## RAW DATA
——

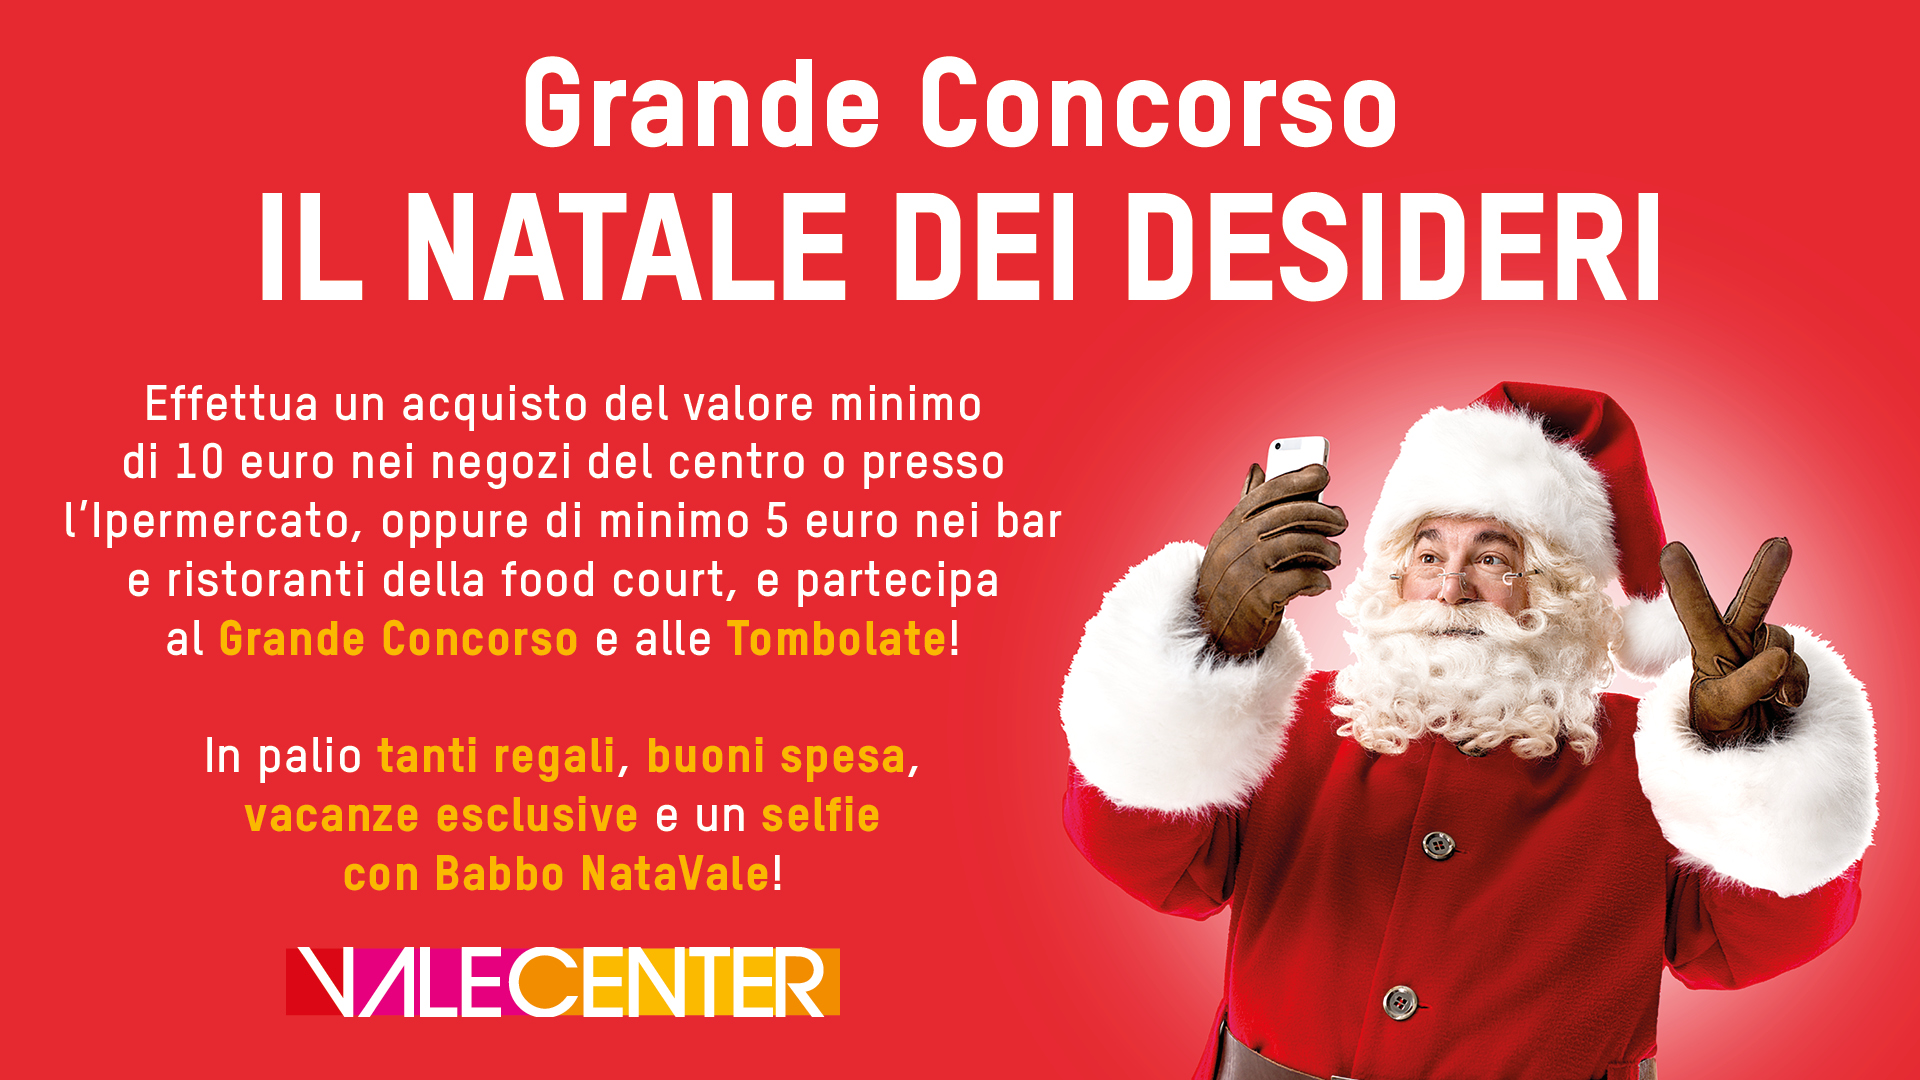 Regali Di Natale Da 5 A 10 Euro.Valecenter Centro Commerciale Grande Concorso Il Natale Dei Desideri
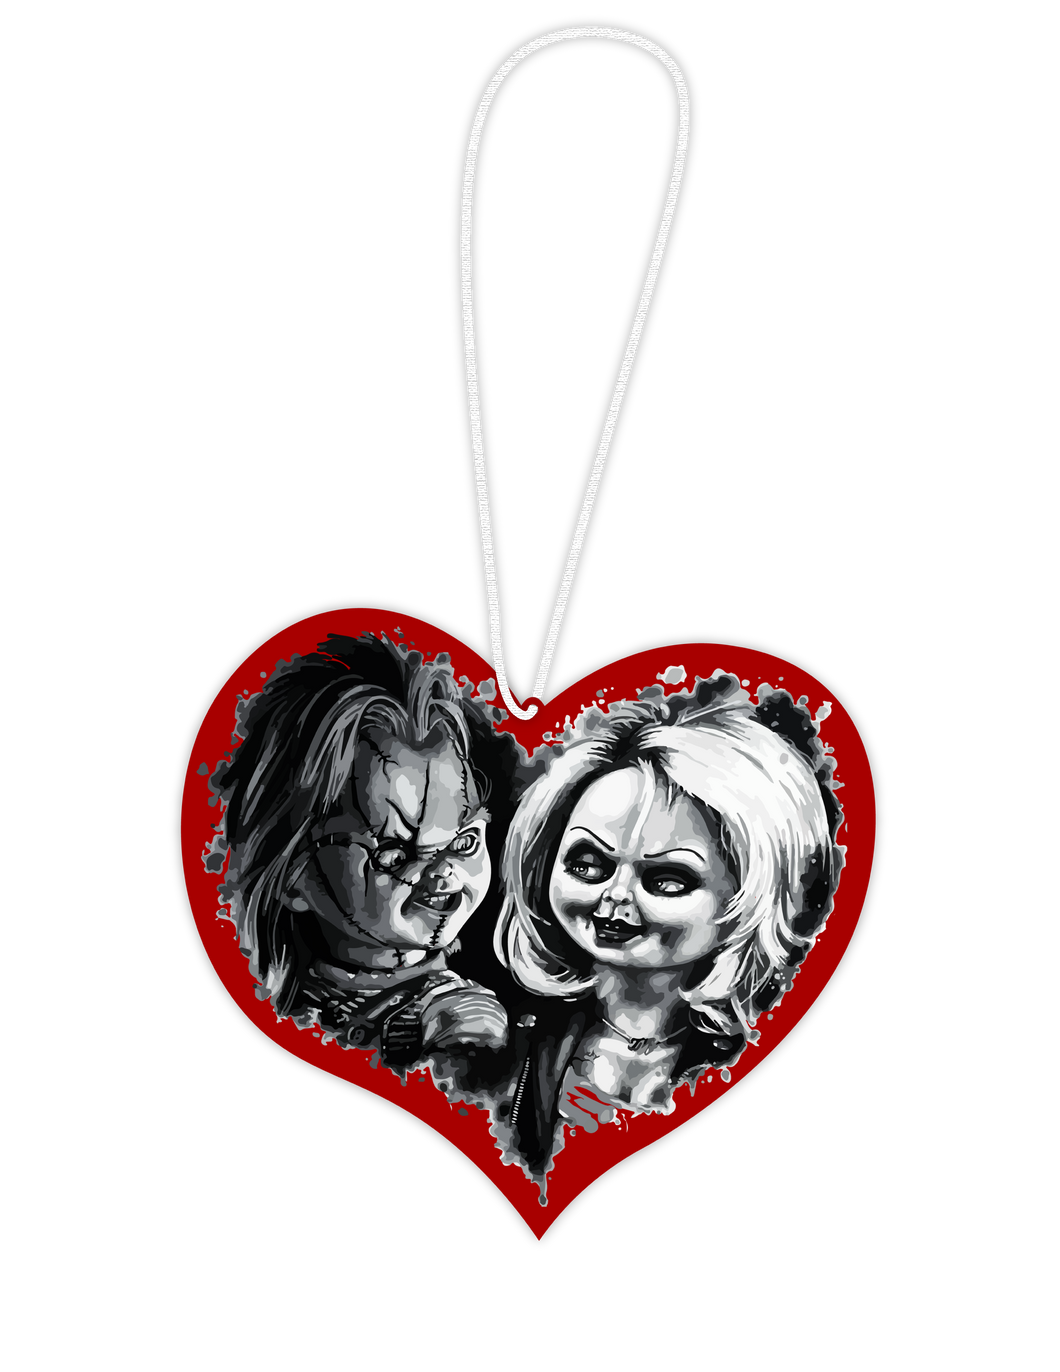 Chucky and Tiffany (Killer love) - Hangable ornament
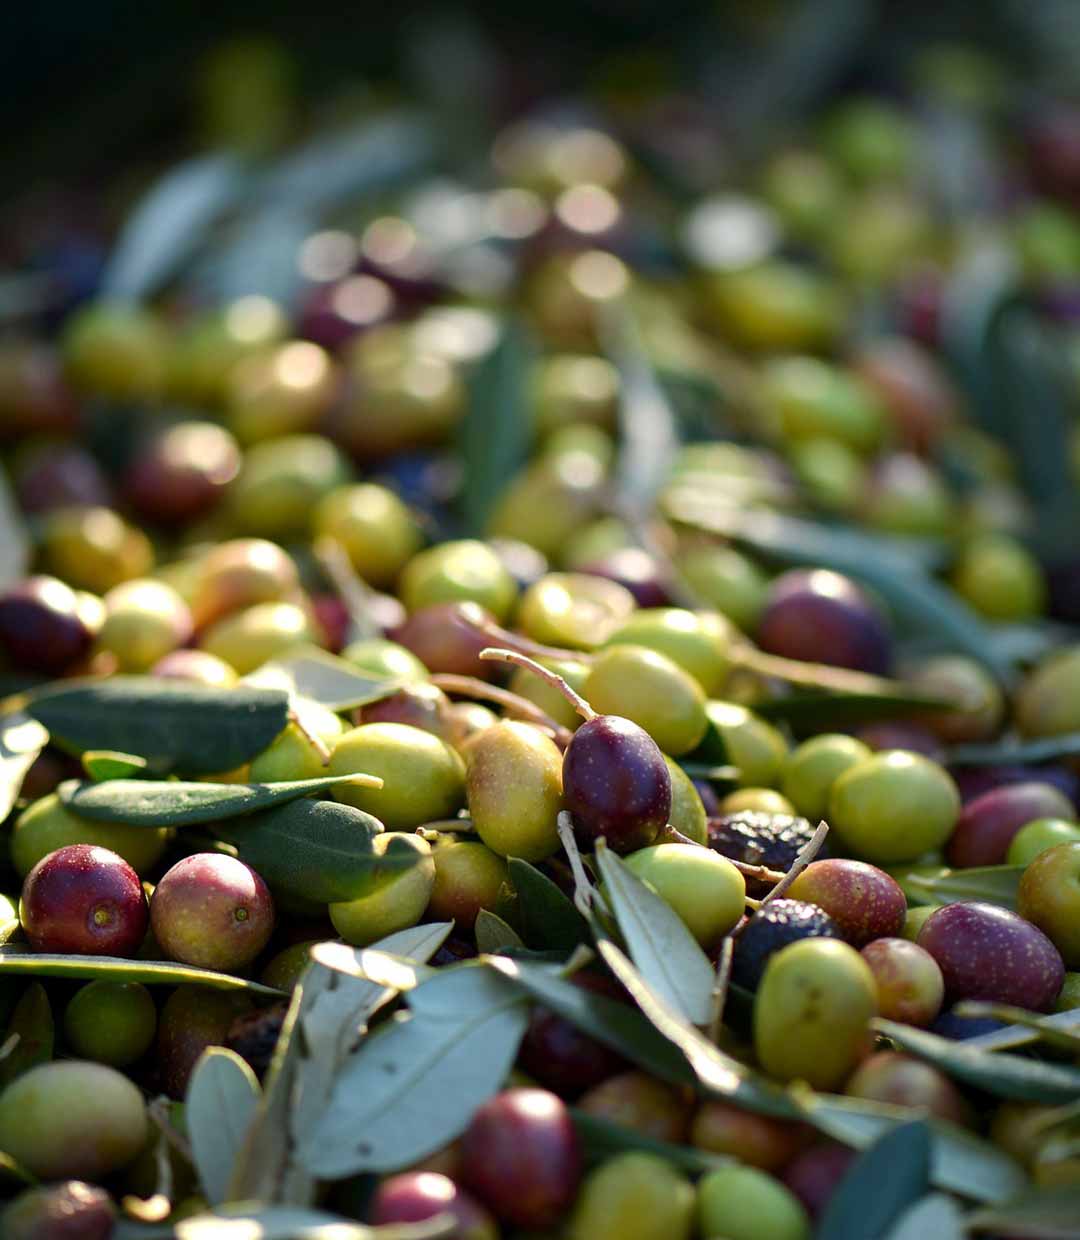 Die Polyphenol-starke Coratina Olive spielt die Hauptrolle in unserem Olivenöl
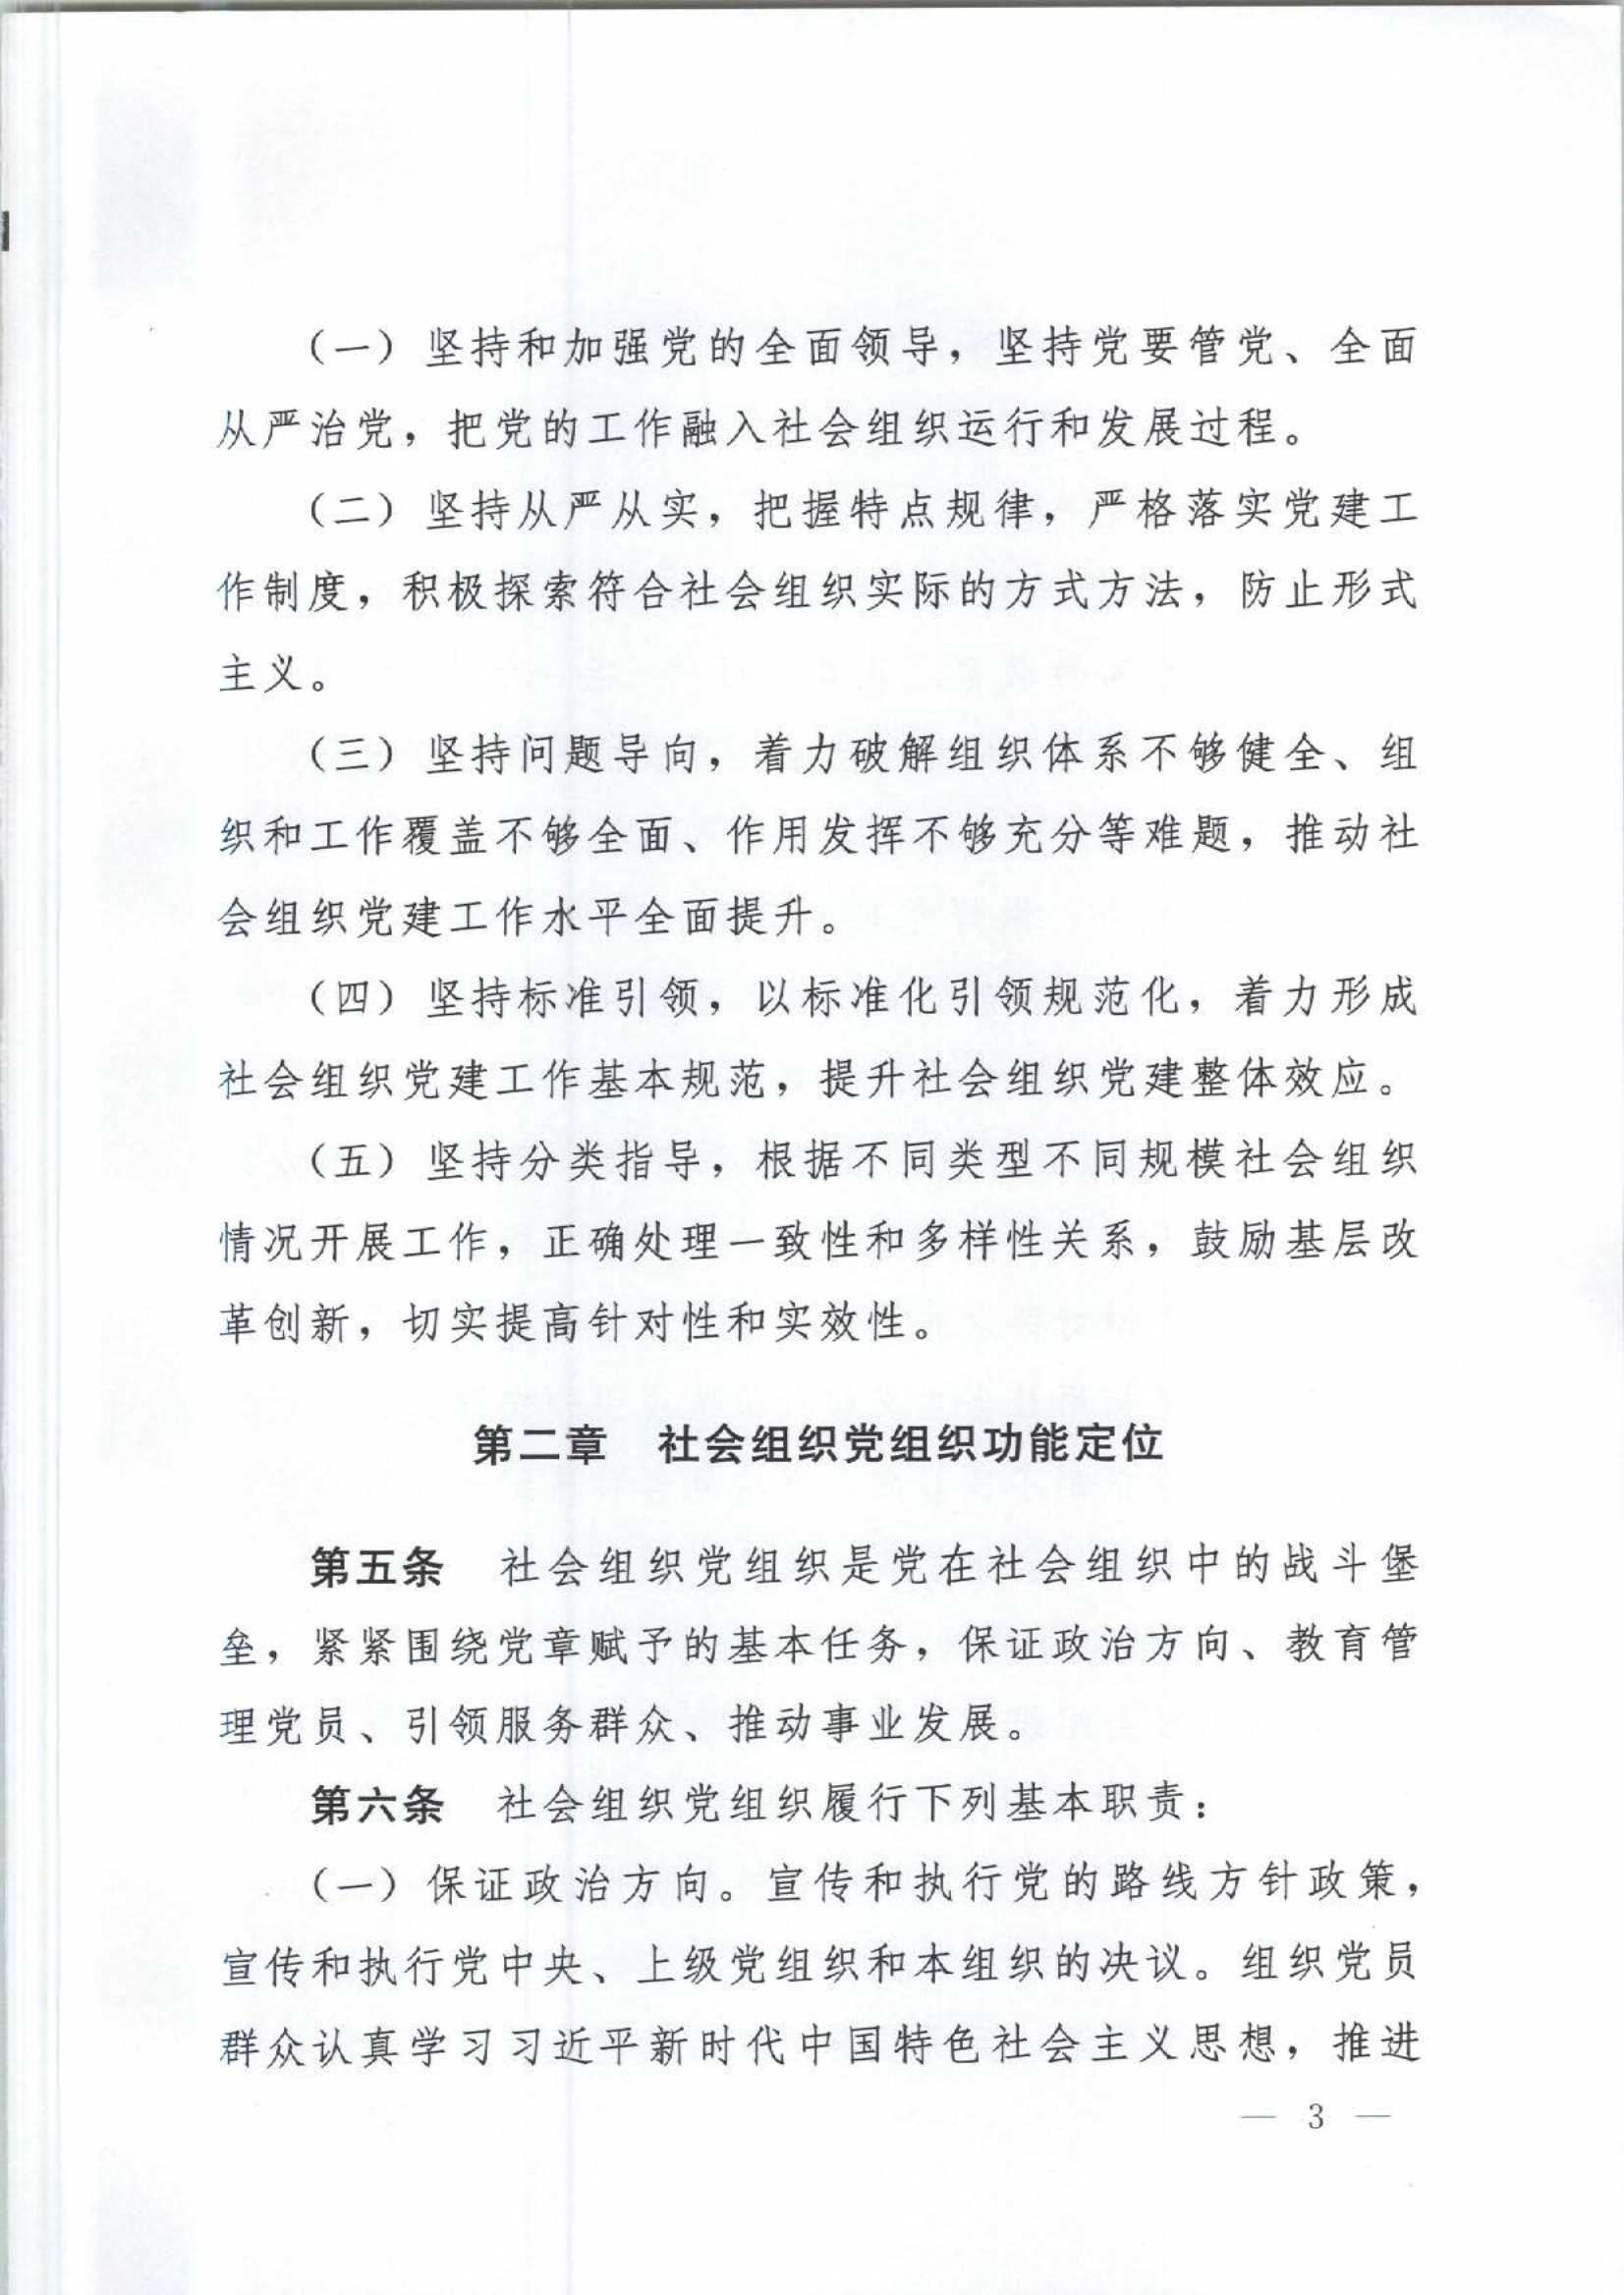 4.深圳市社会组织党的建设工作规定_3.Jpeg

——

## TRY IT
Please give again only those lines that run from the one containing "Chucky and Tiffany" through the final line of the listing, both included, exactly as written and without pictures.

## WRITTEN ANSWER
 Chucky and Tiffany (Killer love) - Hangable ornament
 Die Polyphenol-starke Coratina Olive spielt die Hauptrolle in unserem Olivenöl
 4.深圳市社会组织党的建设工作规定_3.Jpeg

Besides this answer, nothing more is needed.